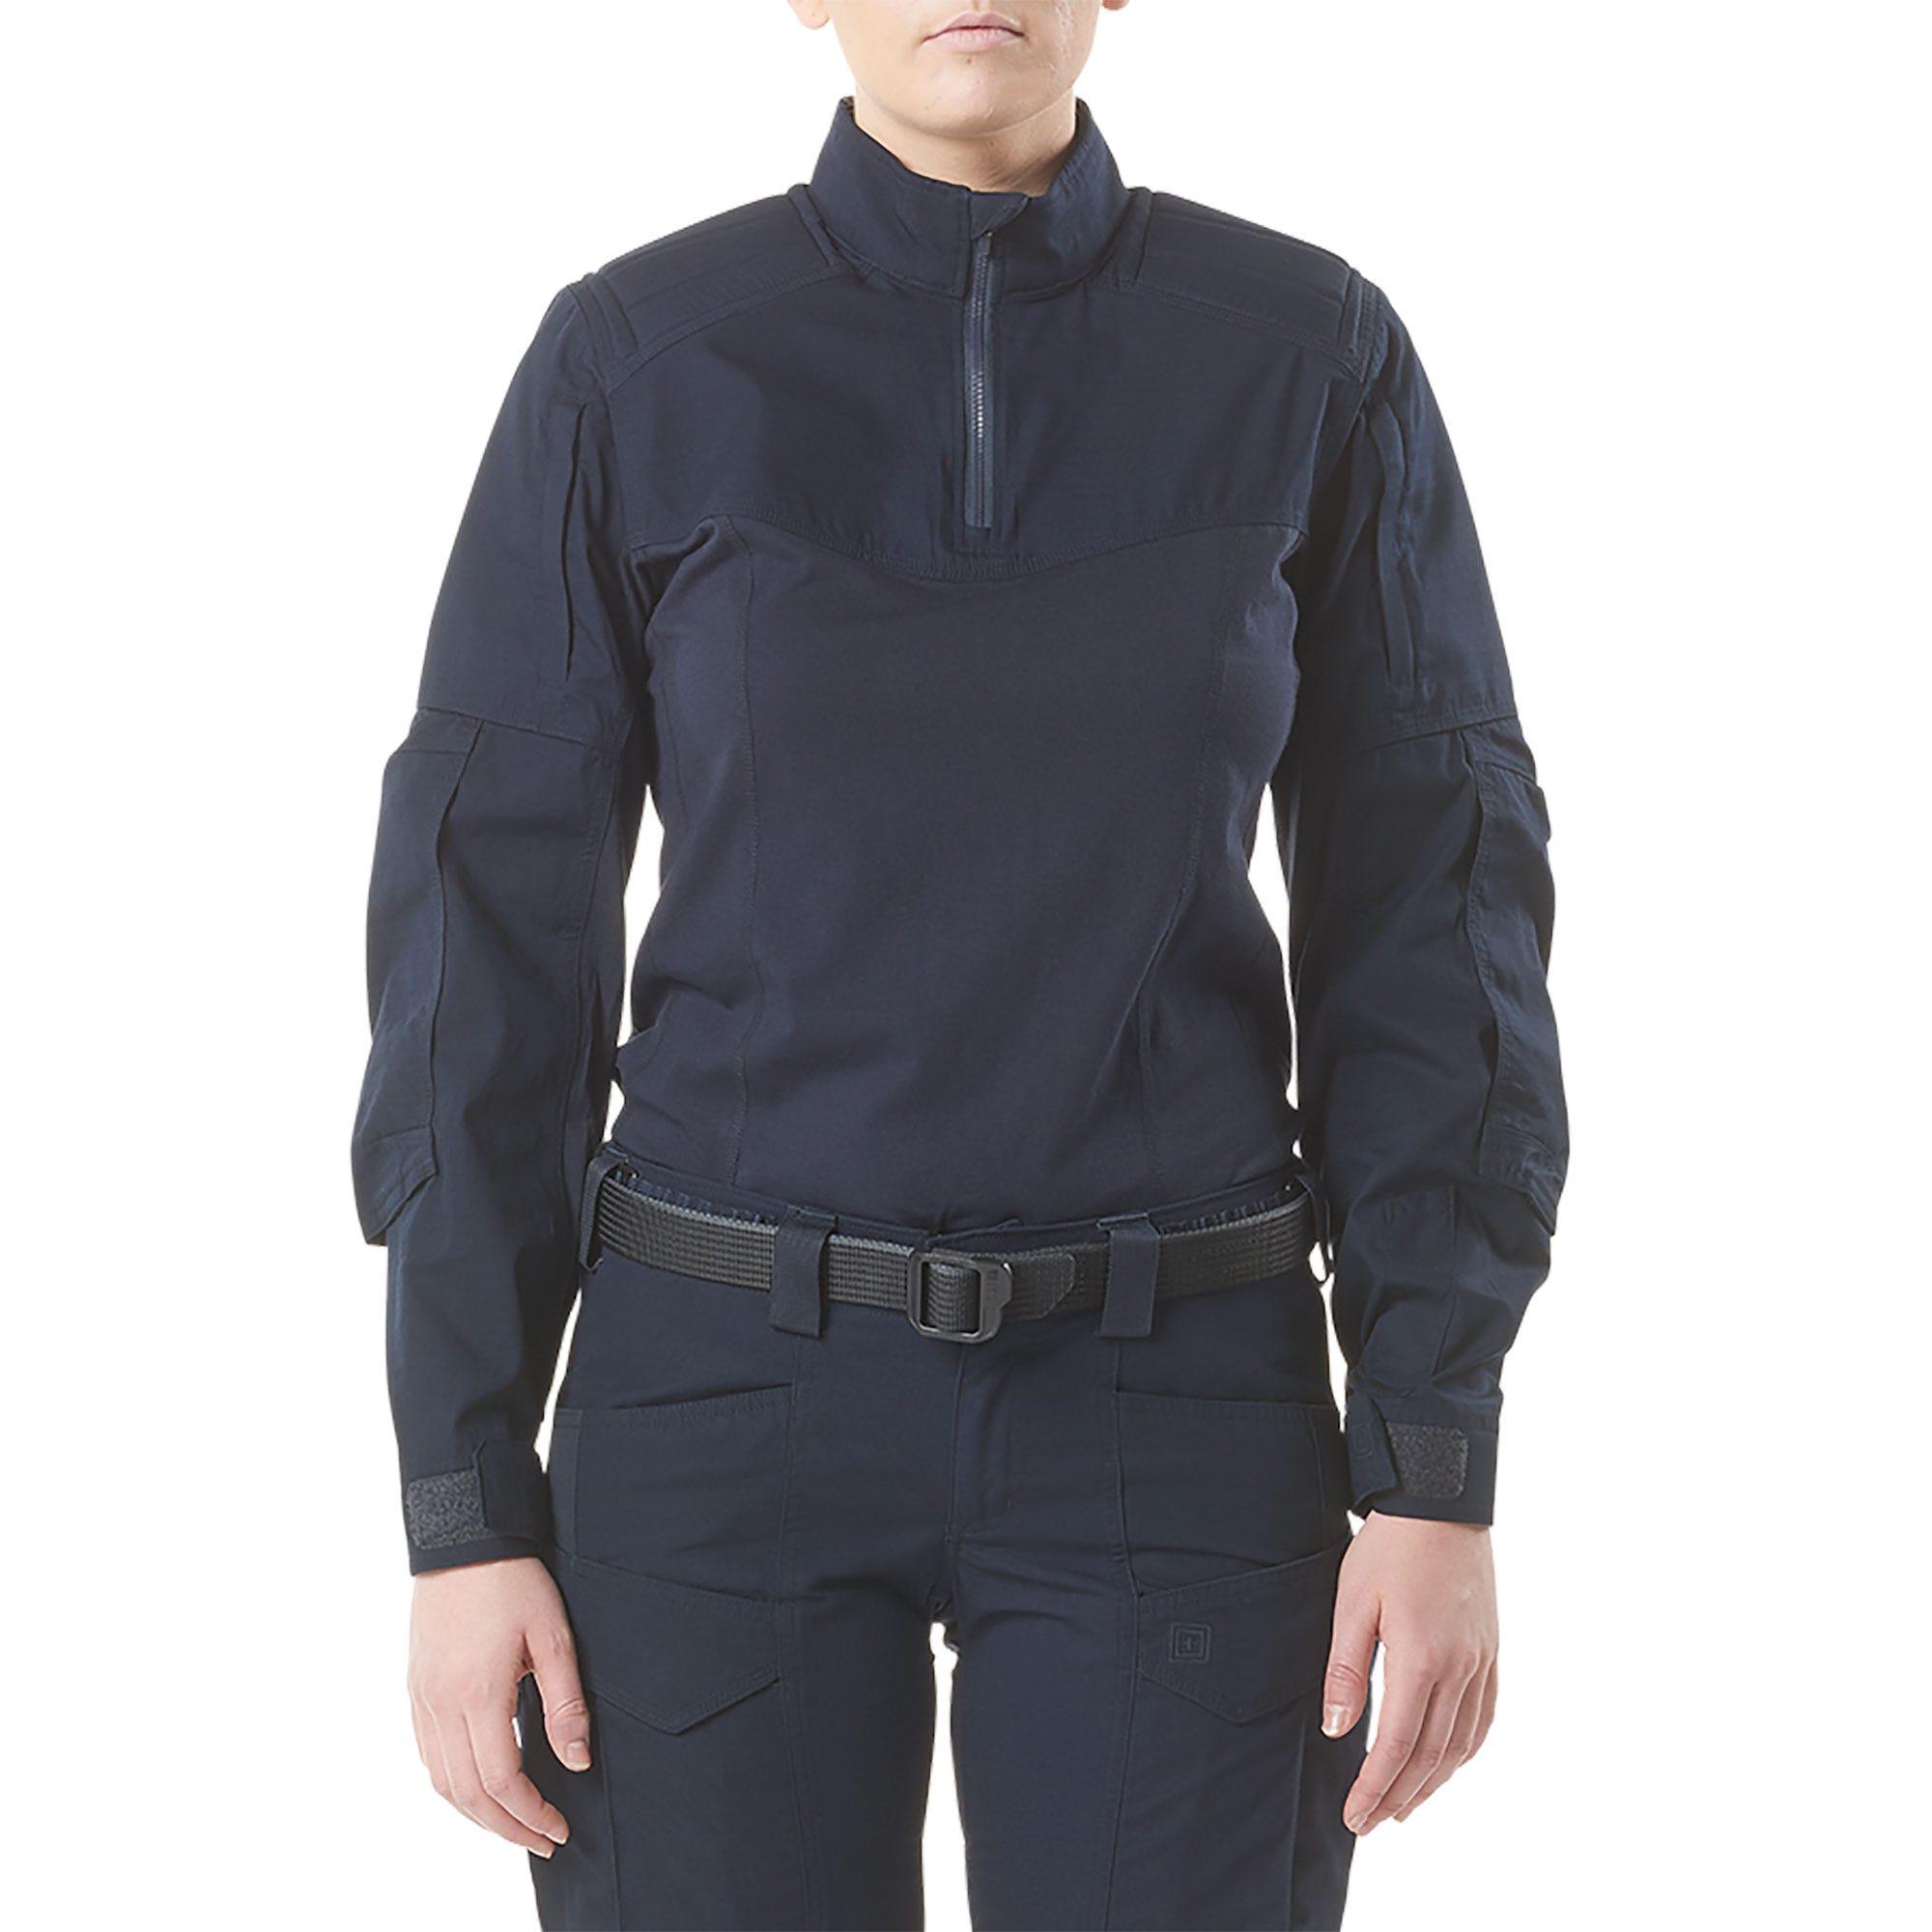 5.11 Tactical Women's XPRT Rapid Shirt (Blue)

================================

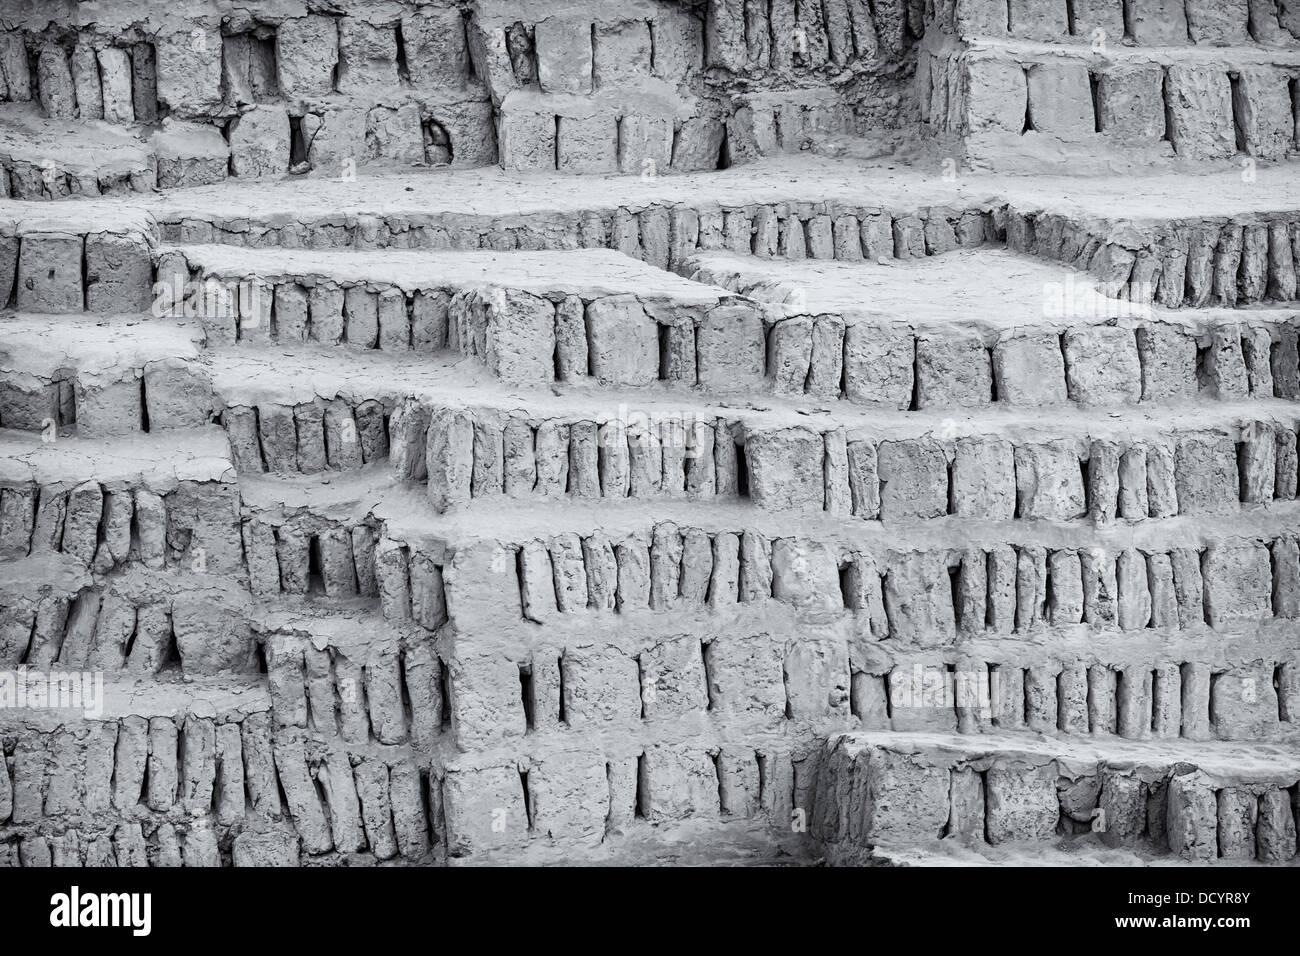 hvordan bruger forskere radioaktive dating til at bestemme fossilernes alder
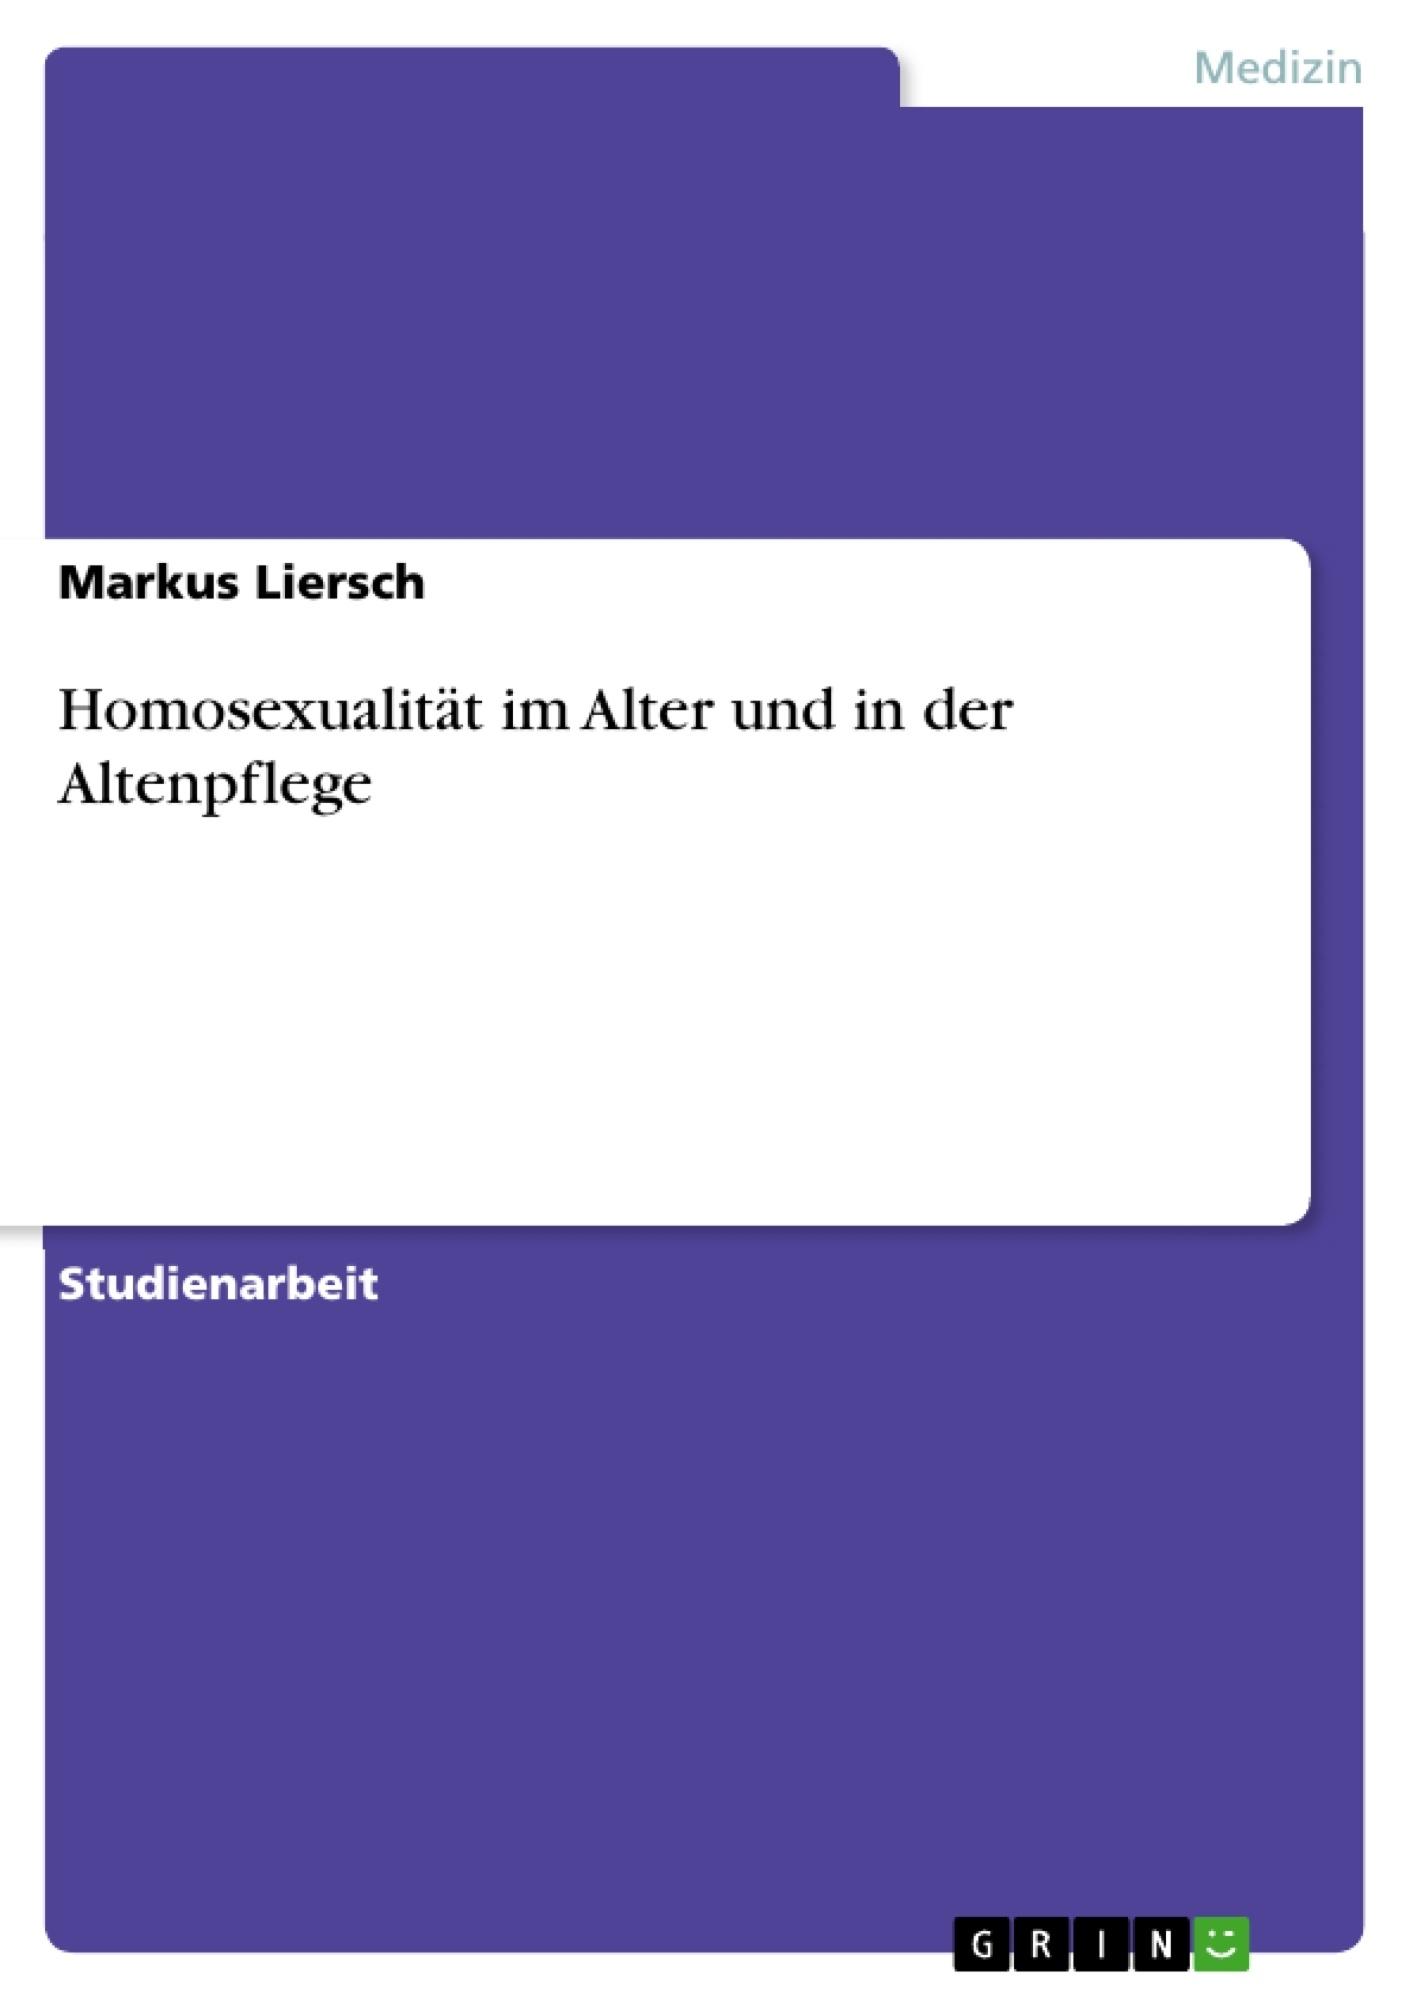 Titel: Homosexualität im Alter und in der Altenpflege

================================

From the line holding "hvordan bruger forskere" to the line holding "Titel: Homosexualität im", both included, retype the entries above exactly and drop the pictures.

RESPONSE BOX:
 hvordan bruger forskere radioaktive dating til at bestemme fossilernes alder
 Titel: Homosexualität im Alter und in der Altenpflege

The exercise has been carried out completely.